Предтеча и Мармеладов, пророк и шут. Как соединить или разъединить эти два лица?
Я отнюдь не сомневаюсь в подлинной христианской «святости» Вл. Соловьева. Недаром в лице этого русского современного интеллигента мелькают черты Франциска Ассизского или Сергия Радонежского.
22
Недаром любящая память сестры так бесстрашно обнажает все эти слабости любимого. Пусть лицемерная добродетель осудит их; но для тех, кто действительно любит всего человека (а не любить всего значит совсем не любить), эти мимолетные тени не искажают и не омрачают светлого образа, а только приближают его к нам, делают более человечным и пленительным: если в малом он мал, как и все мы, то в великом велик, как никто. — Примеч. авт.

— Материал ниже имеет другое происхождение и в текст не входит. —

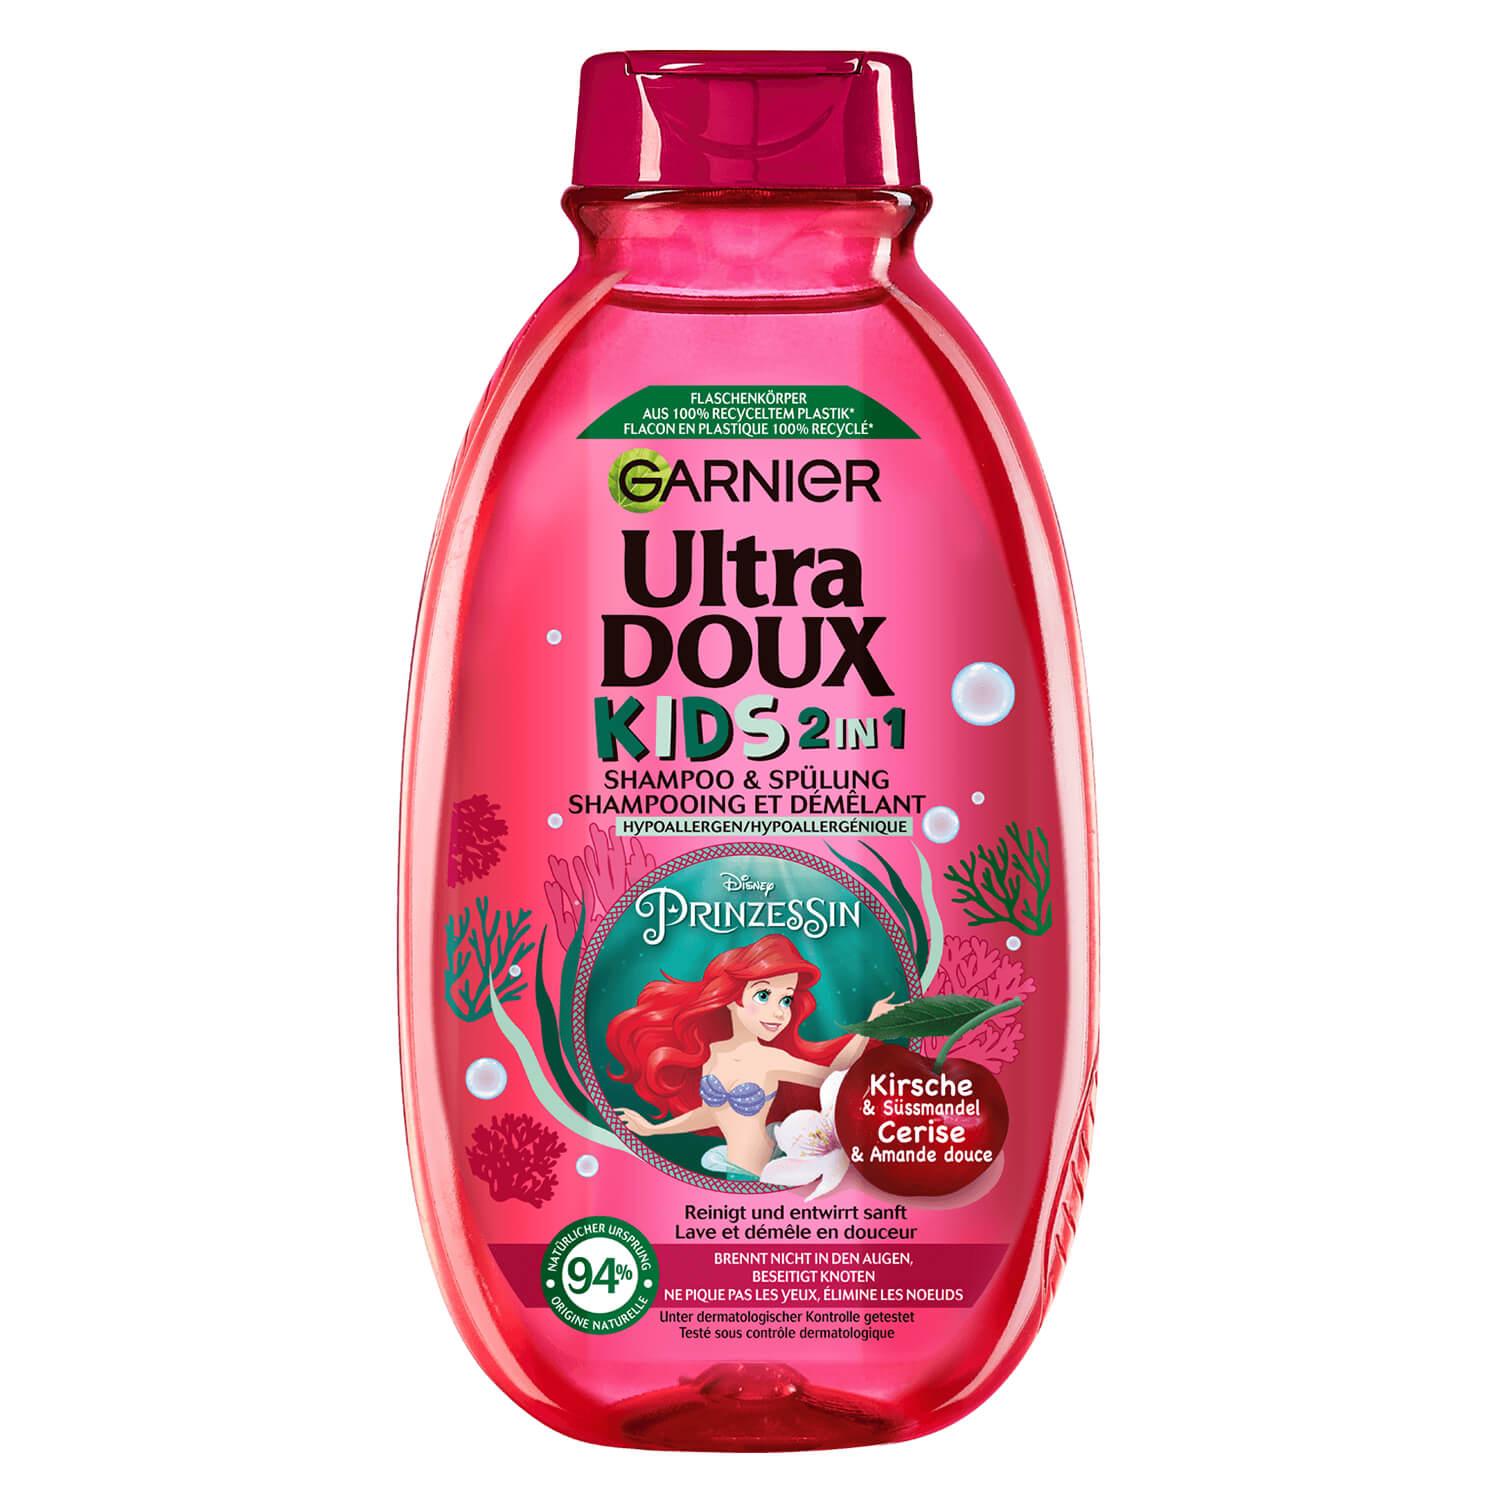 Ultra Doux Haircare - Kids 2in1 Shampoo & Spülung Kirsche & Süssmandel

«Когда у него просили, он давал все без расчету и удержу, — книги, платье, белье, деньги, часто все, что имел, до последней копейки. И случалось так: извещает брат, что тогда-то приезжает… Проходит назначенный срок, нет брата. Наконец, телеграмма: „Здоров, приехать не могу, подробности письмом“. И вот в письме сообщает, что пришел к нему один бедный человек, и так как не было денег, то пришлось отдать шубу, от поездки же отказаться — в легком пальто это неудобно ввиду рождественских морозов. Иногда узнавали стороной, что Володя отдал новую пару, и теперь у него только старый-престарый пиджак, в котором выйти невозможно, в кармане же двадцать копеек».

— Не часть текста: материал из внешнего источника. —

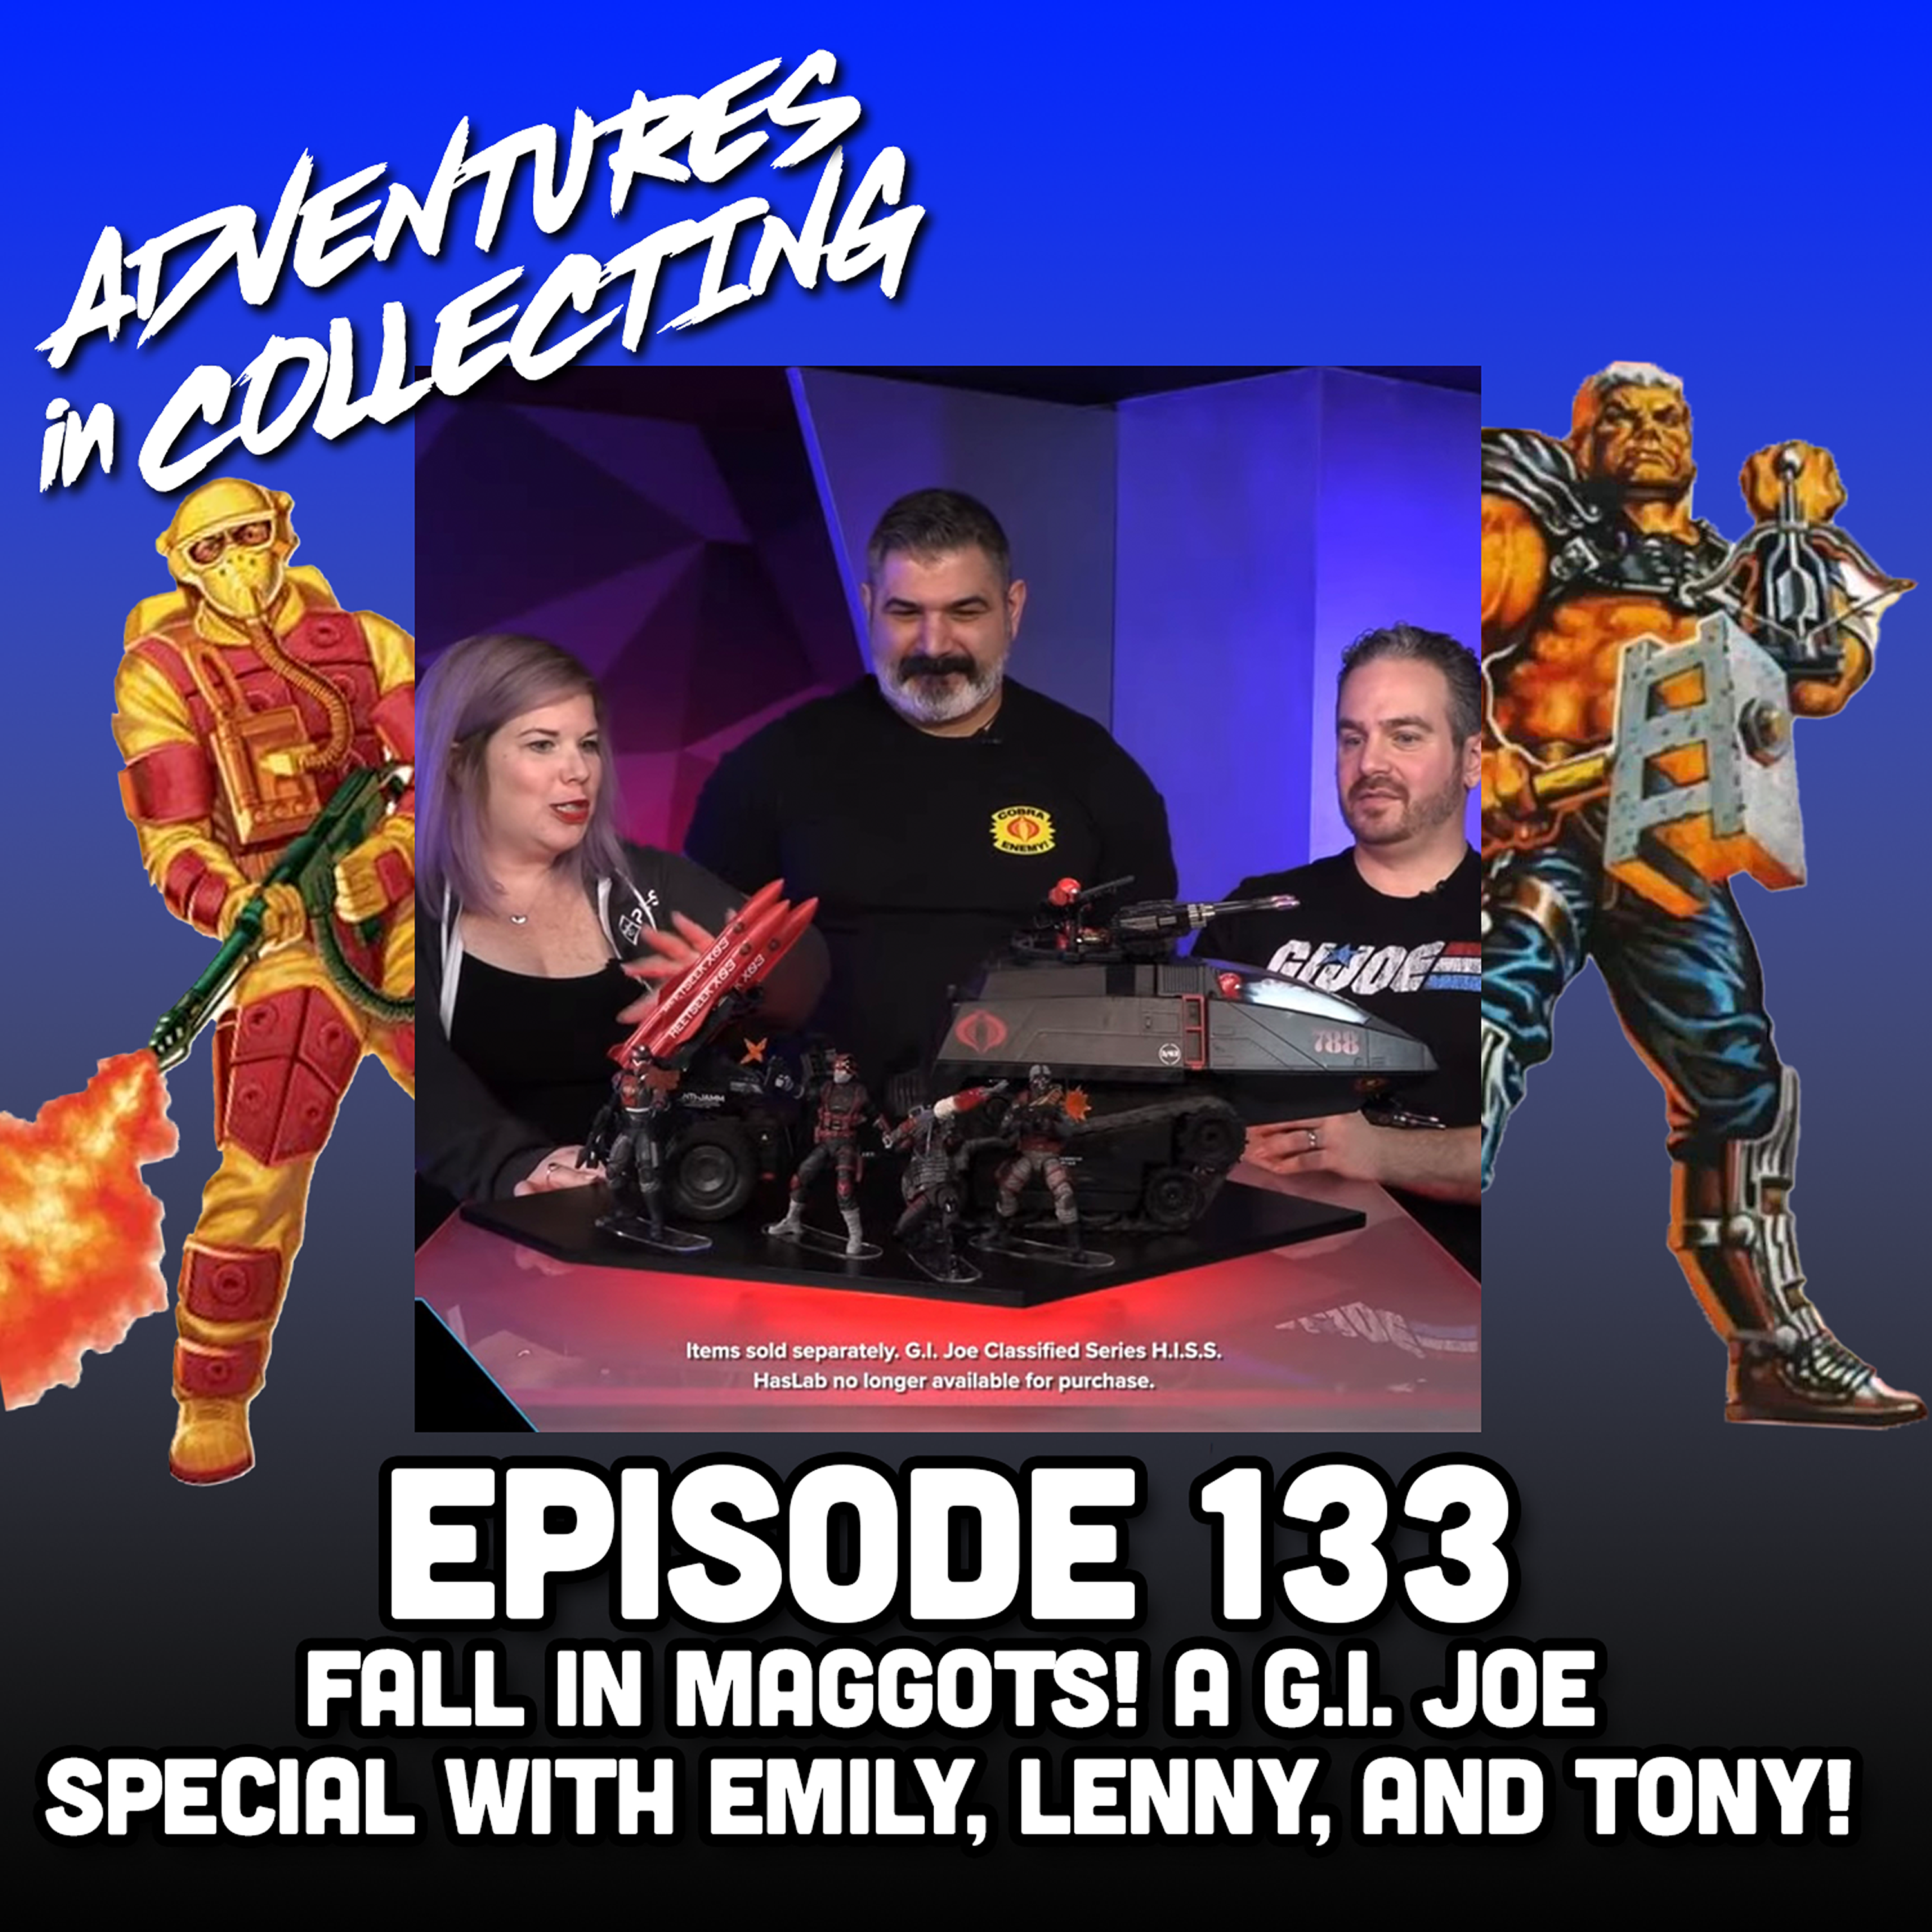 Fall in, Maggots! A G.I. Joe Special with Emily, Lenny, and Tony!

«Раз он пришел в полное отчаяние, потому что ему показалось, что он потерял вязаный розовый башмачок с ноги ребенка женщины, которую любил и от которой получил его в подарок. Башмачок этот, как талисман, носил он в боковом карманчике жилета у груди, изредка вынимал, любуясь, смотрел на него с улыбкой, иногда целовал и опять бережно прятал. И вот вдруг хватается за грудь — в карманчике пусто: драгоценный башмачок исчез.
— Мама! Надежда! Да что же это такое? Пропал мой башмачок!
— Ищи хорошенько!
Брат опять бросается в свою комнату, но через несколько минут возвращается, держа в приподнятой правой руке бережно, двумя пальцами, розовый башмачок.
— Ну, что ж ты так держишь? Чего доброго, пыль сядет: целуй скорей и прячь на сердце».
Вот в чем беда: по чьей вине Бог весть, но в обстановке современной жизни христианская святость иногда смахивает на донкихотство.
«— А отчасти немного есть тут и дури, уж признайся, — посмеиваясь, заметила Анна Кузьминишна по поводу розового башмачка.
Брат засмеялся.
— Может быть, ваша проницательность и тут видит верно; может быть. Во всяком случае, эта дурь мне настолько прирождена, а для других безобидна, что я имею намерение остаться ей верным».
Эта именно «безобидная дурь», безумная влюбленность в прошлое, реставрация, искусственное восстановление павшего, т. е., в последнем счете, реакция, пусть невинная, даже святая, но все-таки подлинная реакция, и есть сущность всякого донкихотства, которое в русском переводе значит славянофильство. И в этом смысле Вл. Соловьев тайный славянофил, несмотря на всю свою явную полемику с крайним правым крылом славянофильства.
Он имел одно виденье,Непостижное уму…Воротясь в свой замок дальний,Жил он, строго заключен.Все безмолвный, все печальный,Как безумец, умер он.«Розовый башмачок» — безнадежная романтика прошлого, желание сделать прошлое не только настоящим, но и будущим, таково безумие этого печального рыцаря Прекрасной Дамы. «Я имею намерение остаться ей верным», — решил он с гордым отчаянием, опустил забрало и «с лица стальной решетки ни пред кем не подымал».